River island, Victoria

Ulupna Island, a river island, lies at the eastern end of Barmah National Park which is a part of the largest river red gum forest in Victoria, Australia. The island is bounded by the Murray River and its anabranch, Ulupna Creek. Ulupna Island is part of the flood plain of the Murray River.

==Location and features==
Ulupna Island is located in Northern Victoria, with the nearest town being Strathmerton. The island is popular as a camping destination and is rich in wildlife, with many goannas, eastern grey kangaroos and koalas visible all year.

== Ulupna Island Flora Reserve ==
In 1991, 340 ha of the western part of the island was heritage listed as Ulupna Island Flora Reserve, a place of natural significance on the former Register of the National Estate. In 2010, the Ulupna Island Flora Reserve became part of Barmah National Park.

The vegetation of the reserve is mainly river red gum (Eucalyptus camaldulensis) open forest.

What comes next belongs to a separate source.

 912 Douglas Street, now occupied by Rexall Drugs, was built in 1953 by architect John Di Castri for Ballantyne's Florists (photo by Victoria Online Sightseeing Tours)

This area is very rich in plant species, including two rare or threatened species - the Mueller daisy (Brachyscome muelleroides) and Reader's daisy (Brachyscome readeri). Ulupna is important for the Mueller daisy because of its restricted distribution in Victoria.

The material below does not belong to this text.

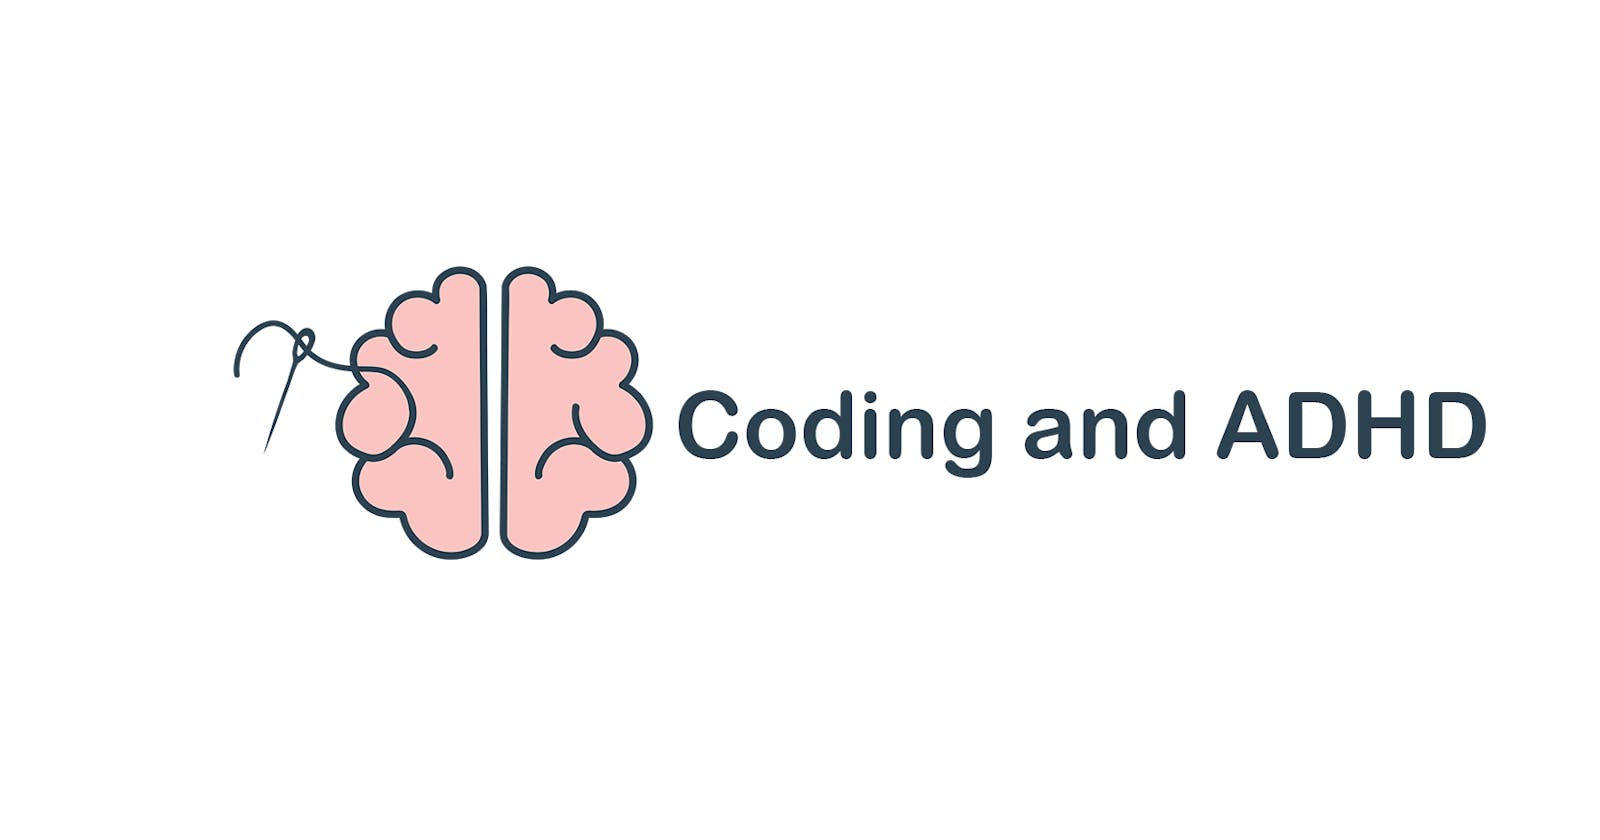 Coding and ADHD - Can't Stop

Ulupna also provides important habitat for two threatened woodland birds, the grey-crowned babbler (Pomatostomus temporalis) and the superb parrot (Polytelis swainsonii). The grey-crowned babblers are a species that was once common in the woodlands of south-eastern Australia, Ulupna also provides habitat for superb parrots at the southern end of their range.

Unlike most of the Barmah forest, Ulupna Reserve has not been extensively grazed or logged, and provides an important reference area for studies of the impacts of these activities on other red gum forests in the region. Ulupna also contains an excellent example of river red gum (Eucalyptus camaldulensis) open forest.